La préface de Detoeuf à l’ouvrage de 1937 présentant les sections homogènes de Rimailho est célèbre. Il prône notamment le rapprochement des prix de revient de différentes industries afin de réguler la concurrence. Sans traiter de contrôle budgétaire, ce texte s’inscrit dans la même mouvance idéologique, rattaché au corporatisme (Bouquin, 1995d). Il faut noter que ce texte et le projet politique sont repris par le CNPF en 1956 (Nordling, 1956) dans le cadre de la commission de l’Organisation Professionnelle et Economique. L’animateur de ce projet n’est autre que Jean Benoit1. Il traite alors des « méthodes modernes de contrôle de gestion » qui sont à rattacher à la même problématique de comparaison des coûts de revient entre différentes industries. C’est encore une preuve que le projet corporatiste ne disparaît pas tout à fait avec la guerre.

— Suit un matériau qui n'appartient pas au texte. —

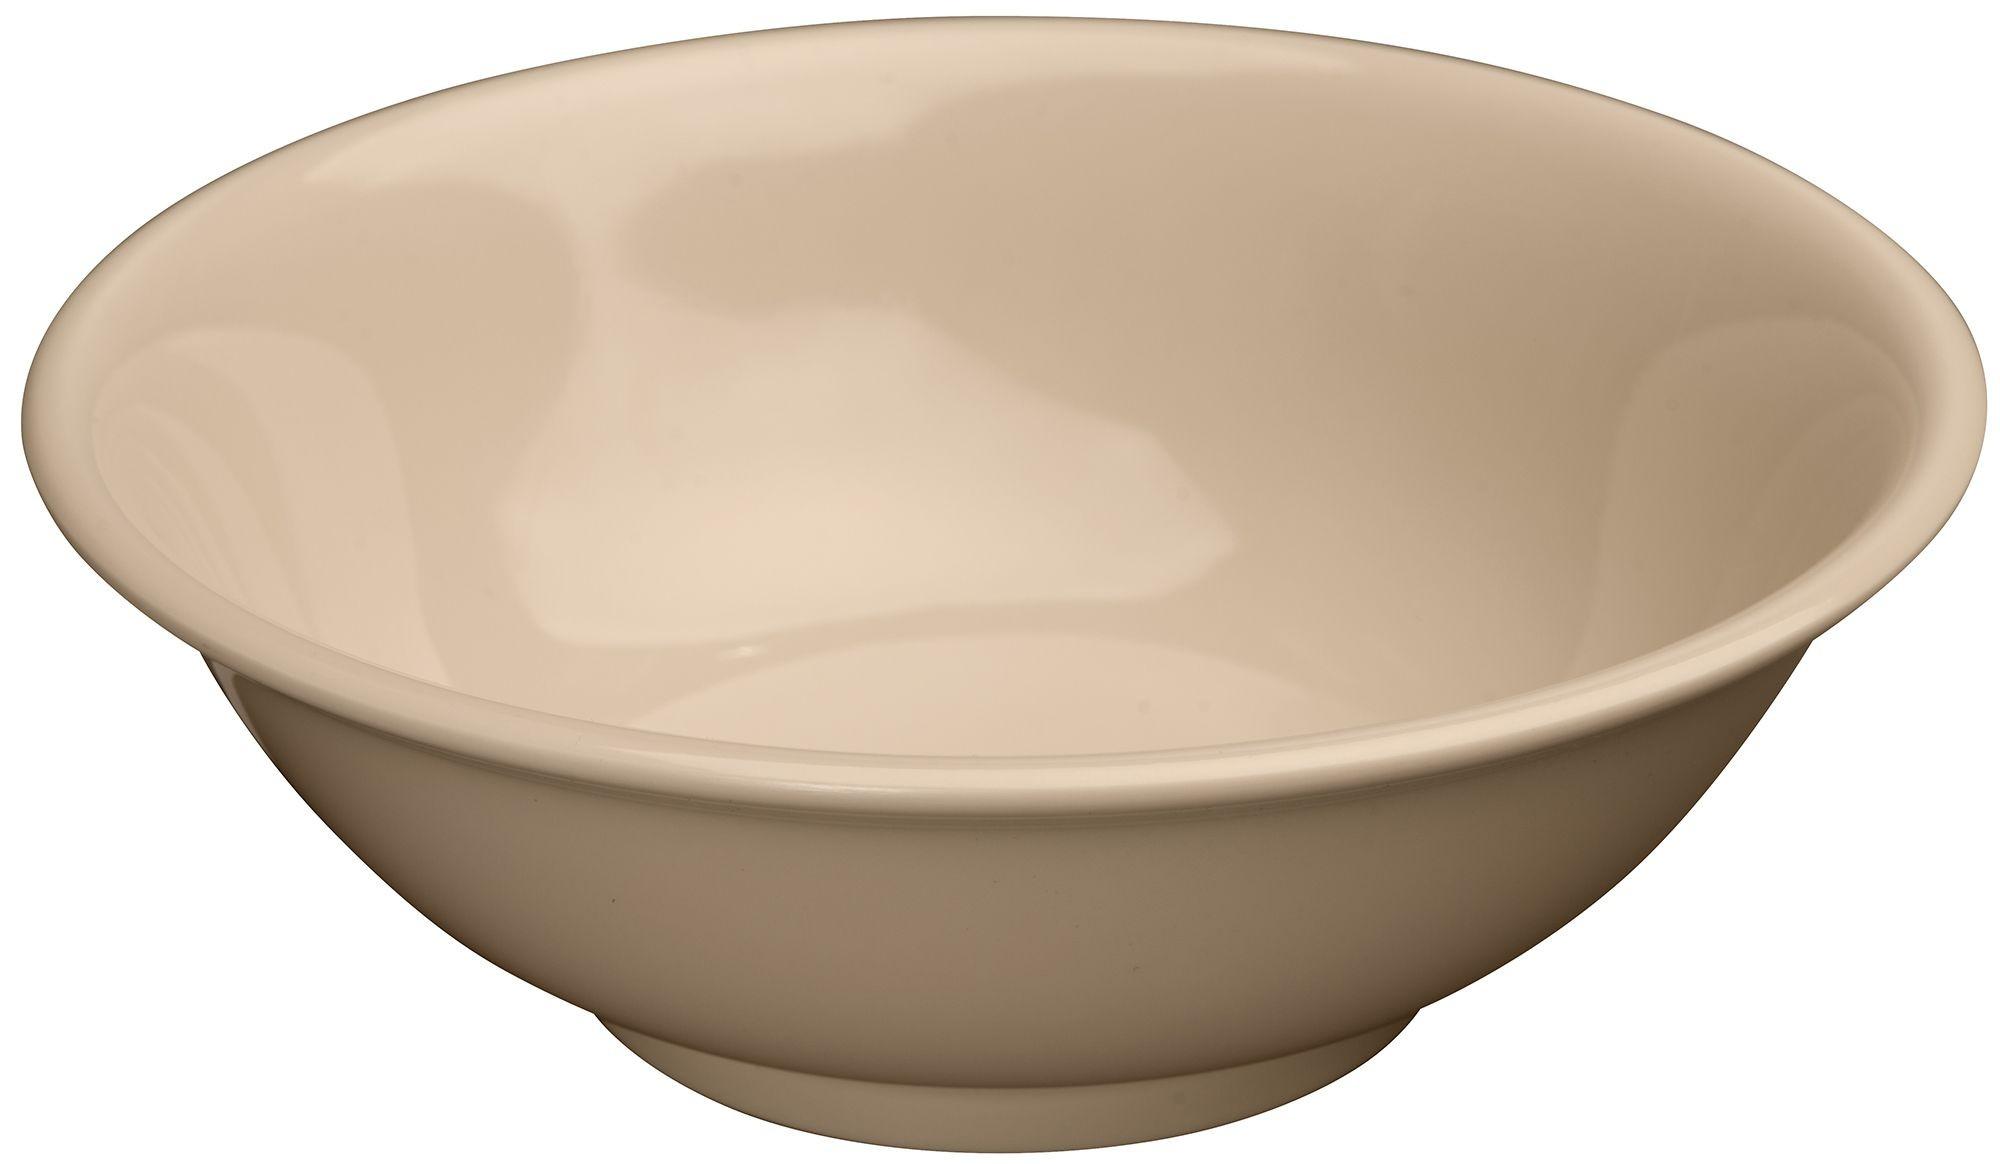 Winco MMB-70 Tan Melamine Rimless Bowl 70 oz.
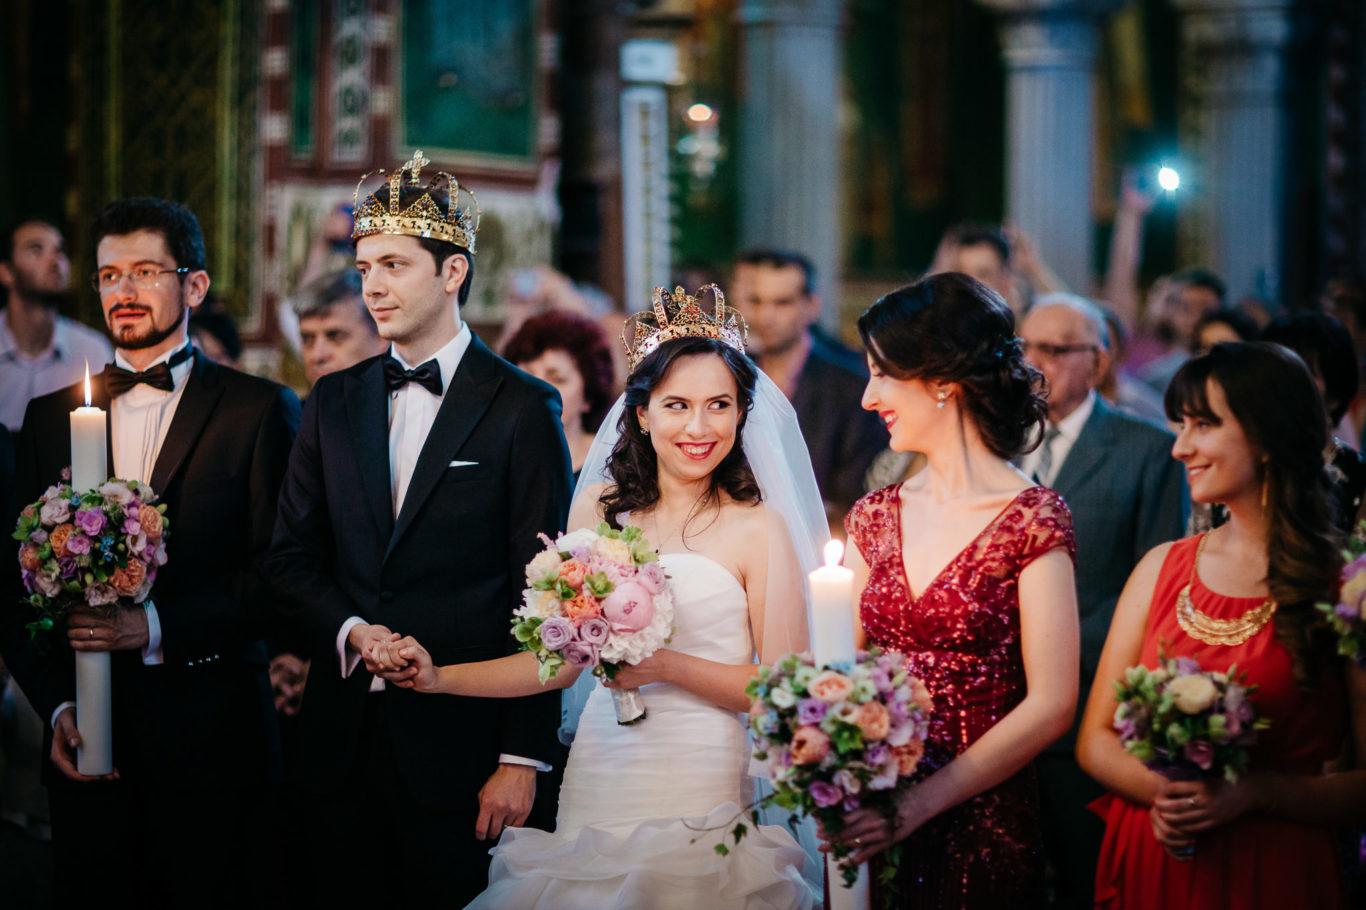 0462-Fotografie-nunta-Simona-Valentin-fotograf-Ciprian-Dumitrescu-CDF_9358

L’implication politique sous-jacente au contrôle budgétaire est loin de faire l’unanimité. Ainsi Penglaou (1931) croit nécessaire d’expliquer que les budgets ne sont pas la première étape vers une socialisation des moyens de production propre à une économie dirigée telle que l’URSS. Des dérives dans l’utilisation du contrôle budgétaire sont selon lui possible mais elles ne remettent pas en cause la liberté d’entreprendre. Si l’idéologie peut être un moteur facilitant l’implantation des budgets, elle peut aussi être un frein.